If its any consolation, I’ve found that the nasty games actually don’t have Nash Equilibria if you view algorithms as strategies, so FF is as good as it gets.
By the definition of a nasty game, in any possible mixed (or pure) strategy equilibrium at least one subset S of players must be receiving less than their security value. Therefore, if they were to each pick the following algorithm:
Play my part in the strategy that gives S our security value.
Share any pay-offs necessary to ensure everybody in S gets more than they would have done before.
They will all get more than they got before.
I hope I didn’t confuse anyone by just saying Nash Equilibrium without specifying that it had to be strong (which are the kind of Nash Equilibria that are referred to in the original post). The theorem that Nash Equilibria always exist only applies to Weak Nash Equilibria.
Incidentally, at the time I made the above post my proof was hideously long and complicated, I am slightly ashamed of how long it took me to spot this one.
If its any consolation, I’ve found that the nasty games actually don’t have Nash Equilibria if you view algorithms as strategies, so FF is as good as it gets.
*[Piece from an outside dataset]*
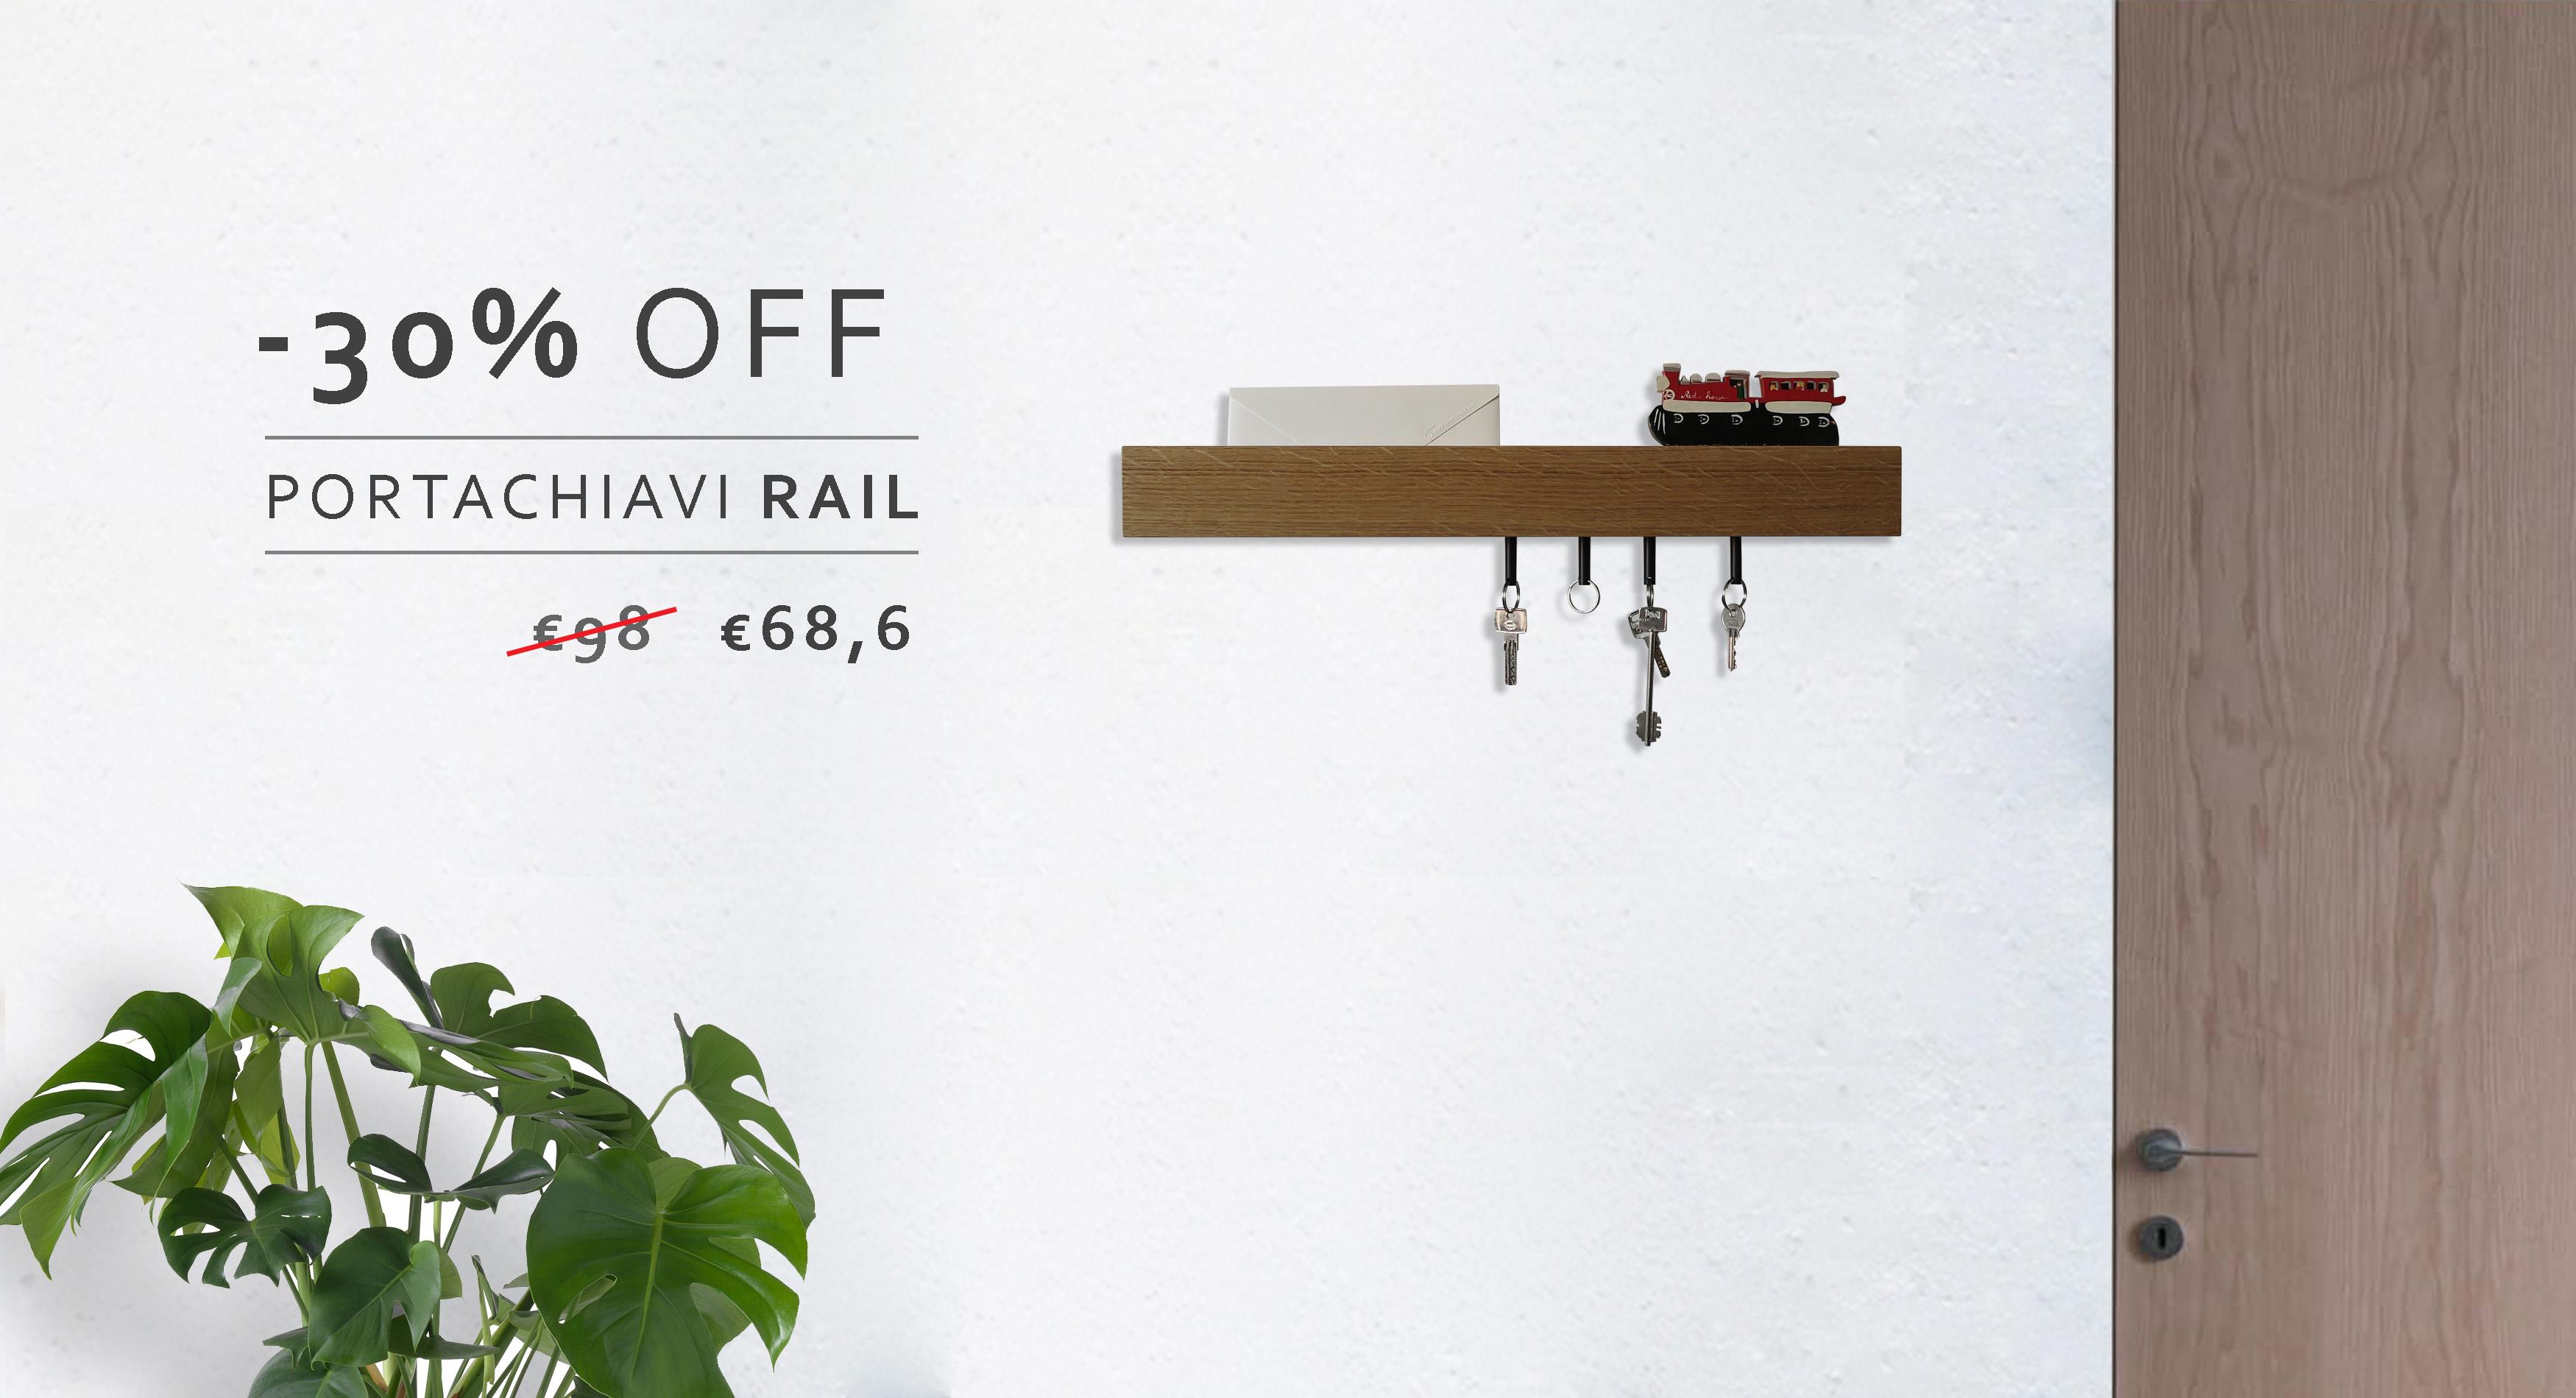 portachiavi-muro-design-wall-key-holder-designobject

Could you give a proof of that?
By the definition of a nasty game, in any possible mixed (or pure) strategy equilibrium at least one subset S of players must be receiving less than their security value. Therefore, if they were to each pick the following algorithm:
Play my part in the strategy that gives S our security value.
Share any pay-offs necessary to ensure everybody in S gets more than they would have done before.
They will all get more than they got before.
I hope I didn’t confuse anyone by just saying Nash Equilibrium without specifying that it had to be strong (which are the kind of Nash Equilibria that are referred to in the original post). The theorem that Nash Equilibria always exist only applies to Weak Nash Equilibria.
Incidentally, at the time I made the above post my proof was hideously long and complicated, I am slightly ashamed of how long it took me to spot this one.
Do you mean Strong Nash Equilibria? I’ve read that it’s been proven that every possible game has at least one Nash Equilibrium.
Yes, I do mean that, although I’m not sure the proof extends to games with infinite numbers of strategies.